Not weirded out about her needing a bra, when she needs it.. I'm pretty well endowed - bruises on my knees these days so v happy to bra her up when she needs it -
I asked my DM if I could have a bra when I started comp - I didn't like my crop tops (the lacy trim itched) and I didn't want to be wearing vests in the changing rooms for PE. First bra was a 28AA..., now 38FF 
It's totally not on sneaking into your DD's room and taking her stuff (while she was sleeping?) I like the idea of sending back the bra with a note saying it must have been mixed up with your DD's stuff by accident. Meanwhile, maybe ask your DD if she would like to go for a bra fitting.
Totally odd. Your poor DD. Does this woman have children of her own?
I agree that this sounds a bit odd, especially her throwing the old crop top away. However I sort of found myself in a situation with dsd who was 12 at the time. She moved in with us suddenly and contact with her mother was reduced to 1 day a month. She only had 2 crop top type bras with her which she had had for over a year (and quite clearly needed some better support iyswim) I had asked dh (her father) if he would ask her nan to take her bra shopping as I felt at the time mine and dsd's relationship was not comfortable enough and could have embarrassing for her. Unfortunately mil became ill so could not take her be shopping so in the end I bought her a selection of different bra sizes and types and gave them to her to try.
I don't really see why your ex's girlfriend would do something like that when your dd clearly has a mother looking out for her growing up needs. The only reason I did what I did was because dsd had no one else to do it. Well I guess dh could have but think she would have found bra shopping with her dad really really embarrassing!

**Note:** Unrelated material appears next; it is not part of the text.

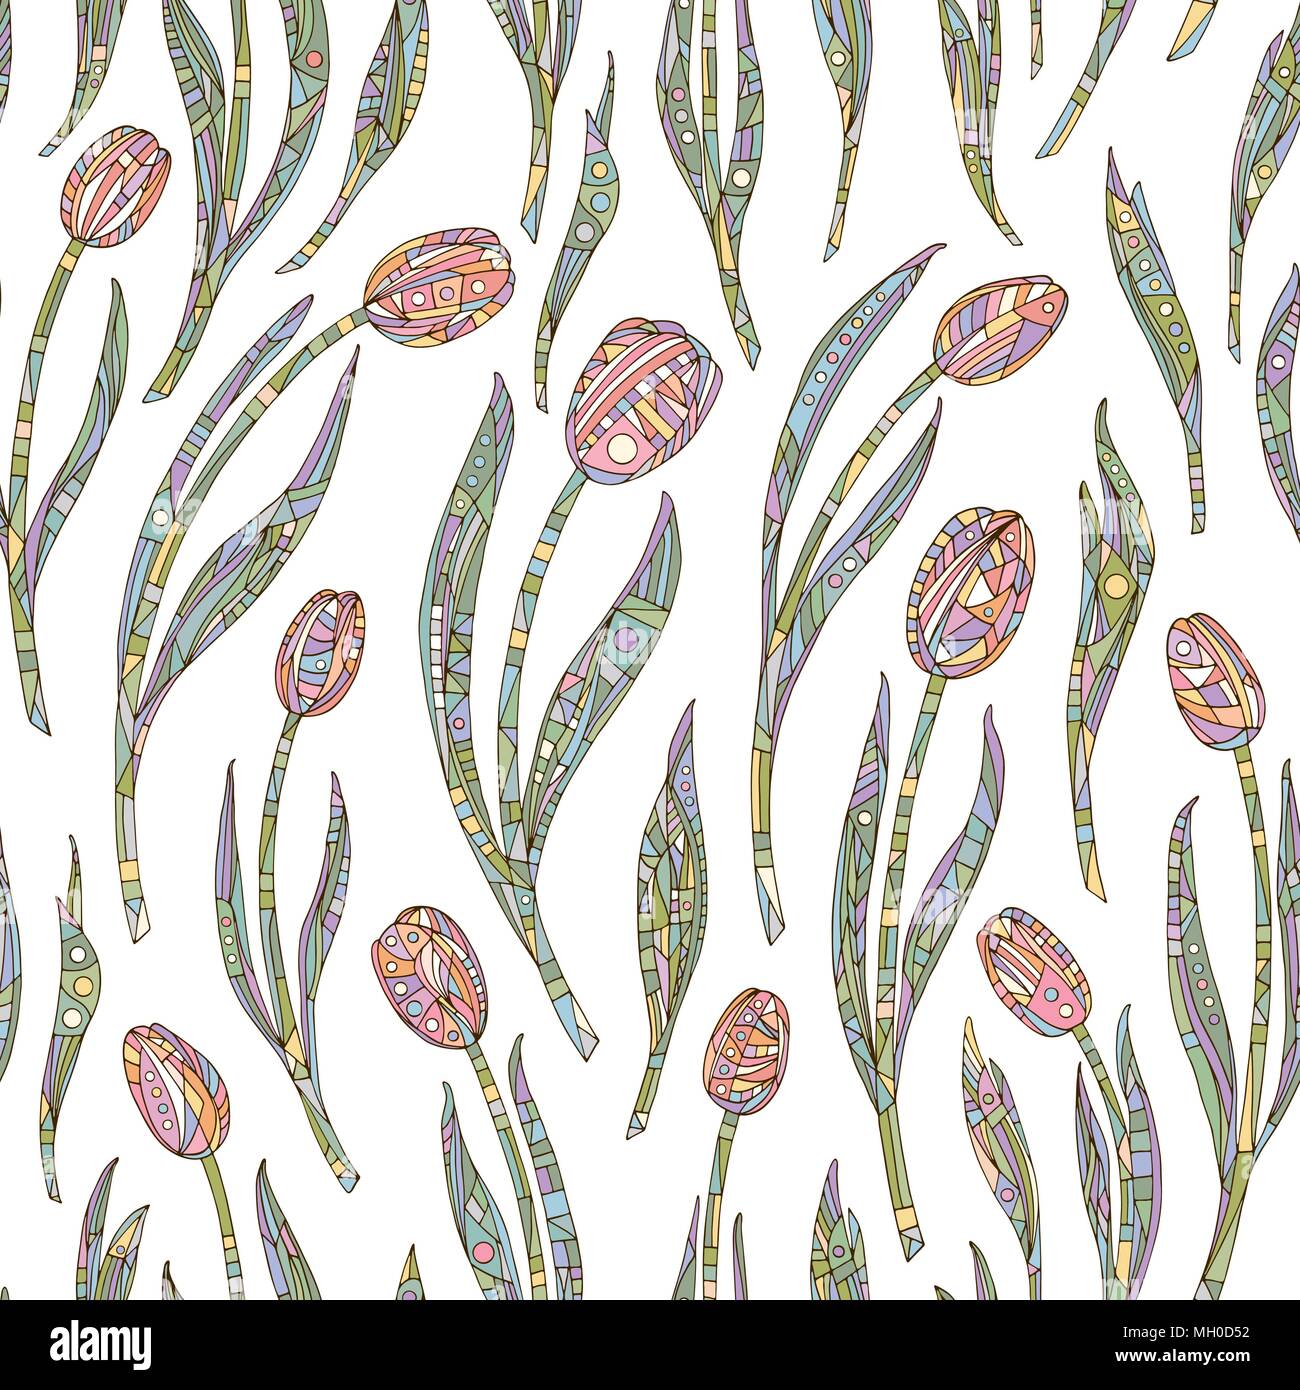 Tulipes fleurs motif. Hand drawn seamless floral vector background. La nature abstraite de la texture pour le papier peint, papier d'emballage, le design textile, la surface, le tissu. Illustration de Vecteur
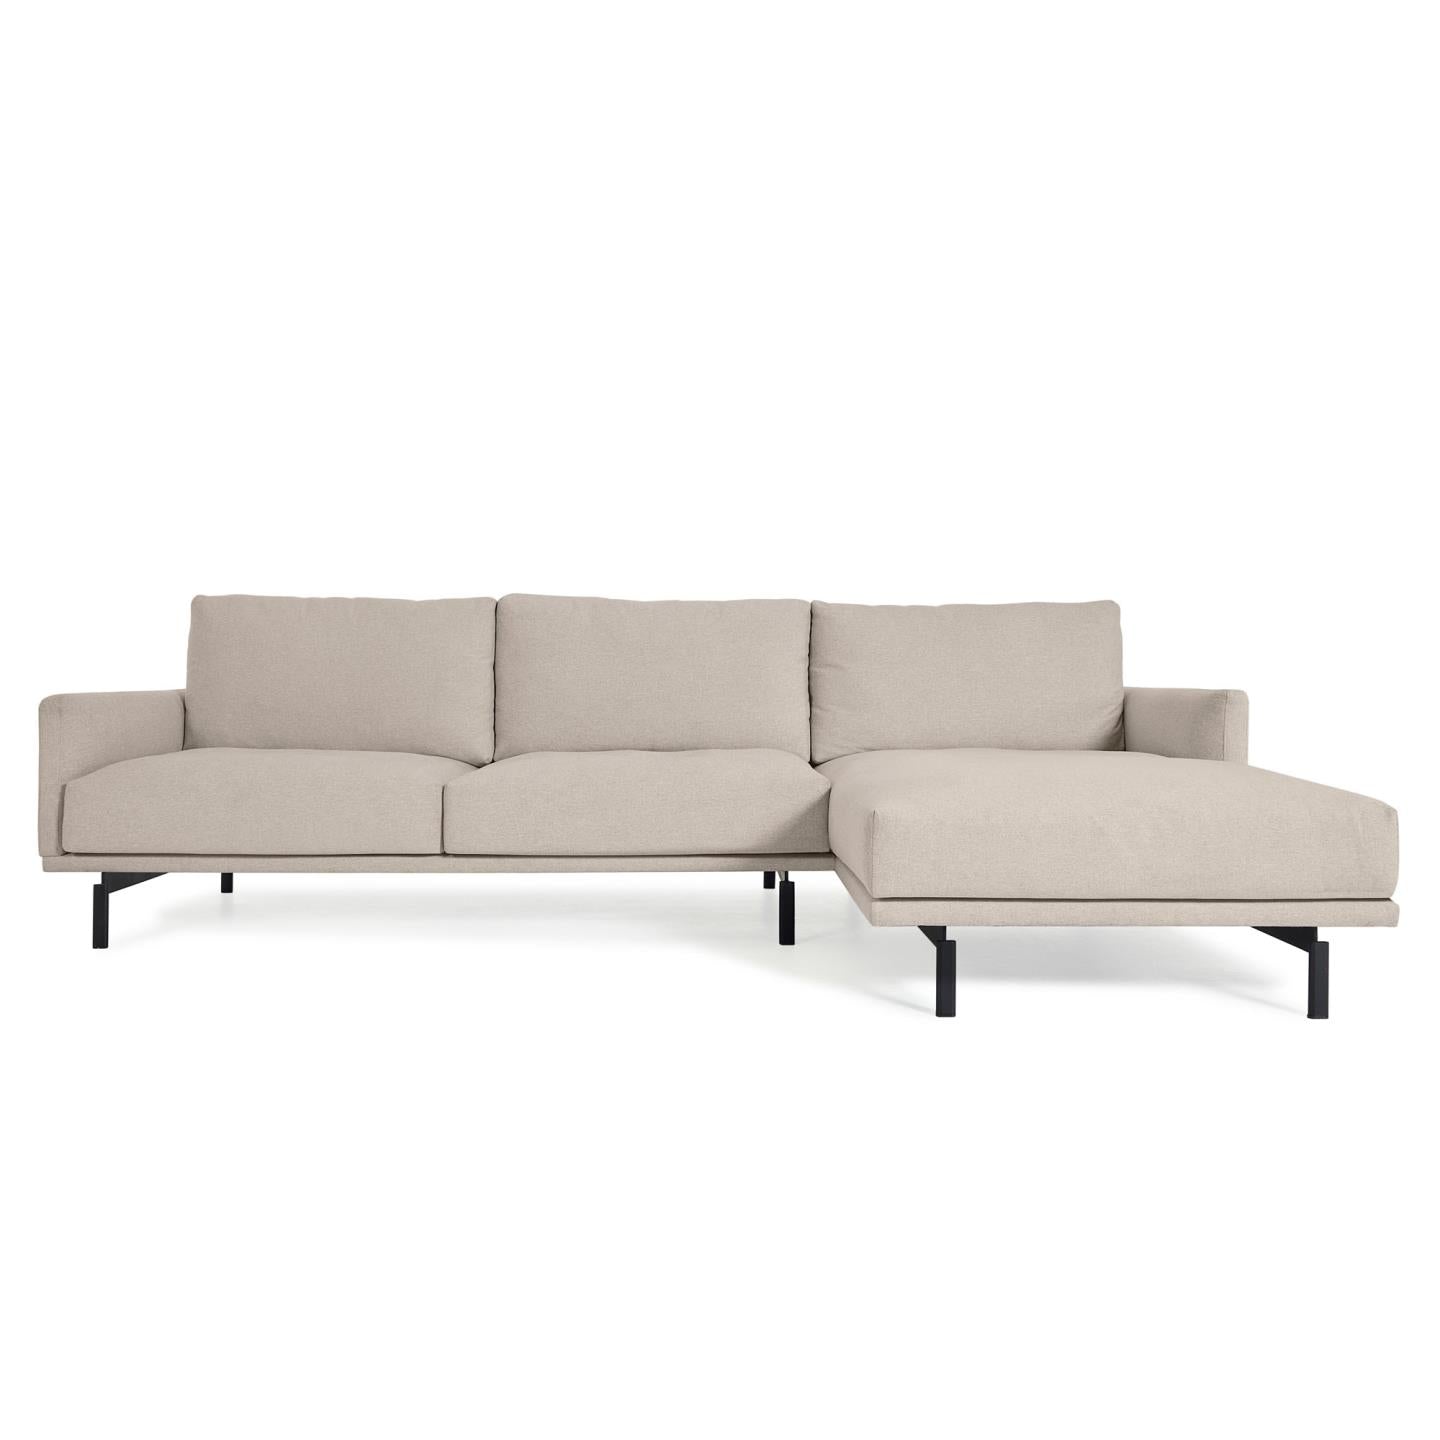 Galene 3 személyes kanapé jobb oldali fekvőfotellel, bézs színben, 254 cm

As a step mum (a while ago), I would not have dared to go and buy the first bra!! I left that to her mum and she took her sister too and they bought one and shoplifted one. 
TBF, she has not bought your DD her first bra, it did not fit, it was not suitable!! Do not worry about it!! xx
Bit odd I think
I remember shopping in asda with dsd and her asking for some crop tops, I had been thinking she was getting to the point of needing some. Made dp talk to her mum first though to check it was ok
There is something fishy here.I don't think your DD is being completely straight with you
My DD is in Y7 and all the girls wear bras.i am wondering if your DD has been feeling embarassed about not having one and talked to your Exs GF about this.I mean how would she know what size to get if your DD hadn't co-operated and why would she have taken her crop top away.What would she have done with it?